Jules Allen (front) suffers travel exhaustion....
... at this stage we had not even cleared Cheshire.

As Phil pushed his trusty Peugeot to the extremes, the snow-capped peaks of the Lake District drifted by and before we knew it we had entered Scotland.  A few hours later we had crossed the River Tay and by 1.30pm we had entered the sun drenched 'Granite City' of Aberdeen. With over five hours to kill before the ferry left the harbour for Shetland it was time to find some birds.  Rather than head too far out of our way we opted for the convenient location of Girdle Ness where various new species were added to our year lists. There were plenty of Common Eider, Shag and the odd Long-tailed Duck and Red-breasted Merganser at the mouth of the River Dee. Waders included Oystercatcher, Redshank and Turnstone however the main highlight was an impressive flock of 74 Purple Sandpipers milling around one of the piers. Out to sea there were small groups of Common Scoter loafing around along with around half a dozen Red-throated Diver, 20 Guillemot and a single Razorbill. The stars of the show however were a small number of Bottlenose Dolphins performing like attention seeking children close offshore.

A few Common Eider bob around as a rusty ship leaves Aberdeen.

We then battled through the city traffic and made our way around to Aberdeen beach. It was pretty much the same story in this area with closer views of Common Scoter rafts, several Long-tailed Ducks and more Red-throated Divers. We then made our way around to check out Aberdeen's northern river via Donmouth Local Nature Reserve. From the tiny bird hide south of the river we enjoyed excellent views of 4 Long-tailed Duck and hundreds of Common Gull flying in to bathe as well as several Common Seal. It was whilst we were all huddled together here that we experienced one of the greatest moments of the entire trip. 

At around 3.45pm Steve's pager bleeped away and the rest of us waited with baited breath. His baby blue eyes sparkled and his face beamed, the PINE GROSBEAK was still present. There was an enormous sense of joy and a similar quantity of relief as we shook hands, fondled each other and screamed out loud. The twelve hour crossing to Lerwick would now be far more bearable with this nugget of information at the forefront of our minds. Before we headed back to the harbour we had a quick drive around the outskirts of Aberdeen and found a single confused looking Waxwing. There had been a flock of forty birds reported earlier in the day but considering the scarcity of berries in the area we were not surprised they had moved on. More or less every suitable tree or bush had been stripped completely bare. 

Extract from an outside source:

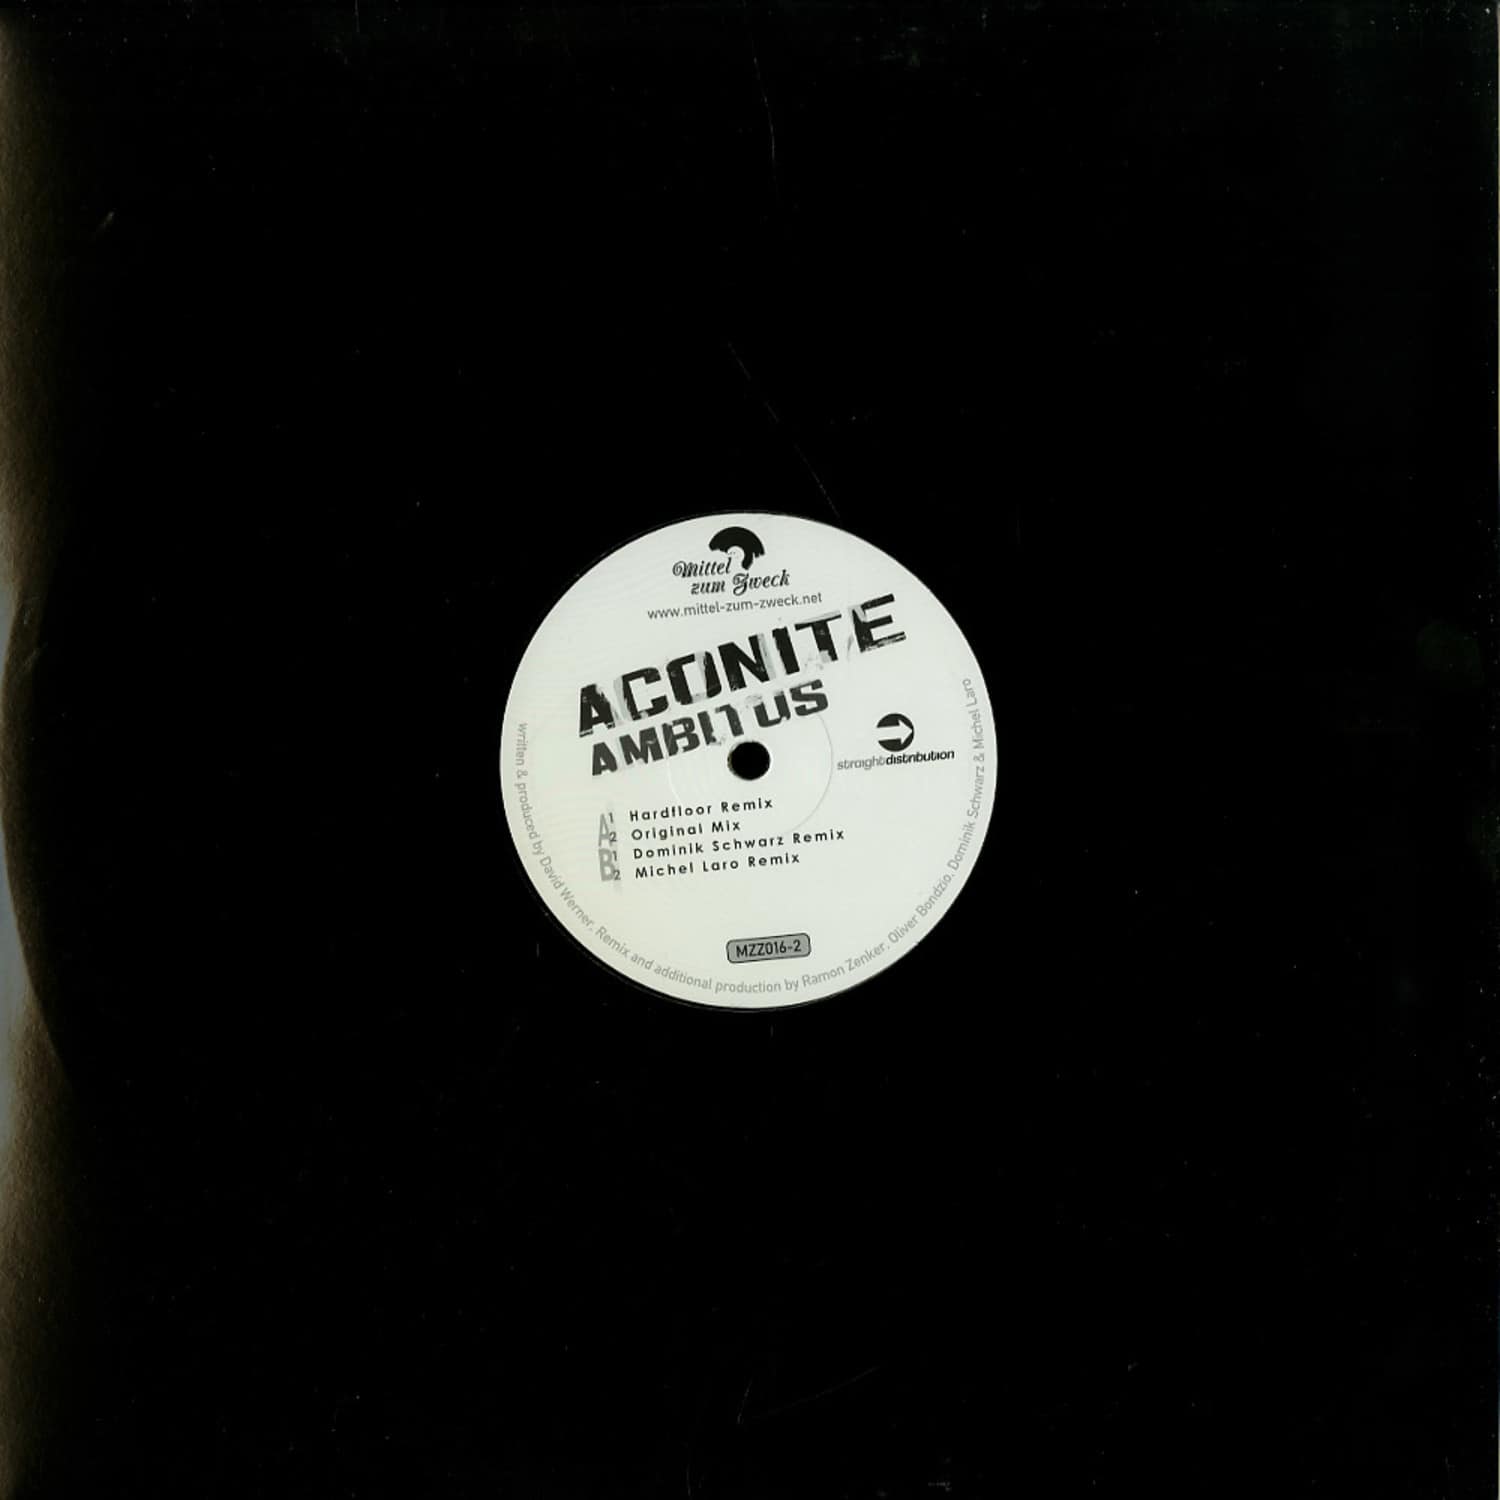 Aconite - AMBITUS

Common Gulls at Donmouth Local Nature Reserve

As we entered the ferry terminal it was evident that other eager birders were here to make the trip. Either that or a day trip had been organised for the entire network of Big Issue vendors from the northern Scotland region. Up on deck there were more birders, about twenty in total. This was great news, the more pair of eyes searching the following morning meant that we had a better chance of locating our target bird quicker. After downing the odd pint of Guinness and devouring a plate of fish and chips it was time to find a bed for the night. In order to keep costs down and the fact we were all stingy, tight-fisted birders none of us had opted for the luxury of a cosy cabin below deck. We all took our chances in the lounge area. We all prayed for a smooth crossing over the course of the next two hundred mile leg of our journey. As I steadied my nerves with the calming tones of Simon & Garfunkel on my iPod, I drifted off to sleep dreaming about what the next day would hold. What it be sheer elation or bitter disappointment?   

Phil Andrews all snuggly!
That's not vomit on his sleeping bag, it's the actual design.
Jules Allen finds a quiet corner to rest his weary head!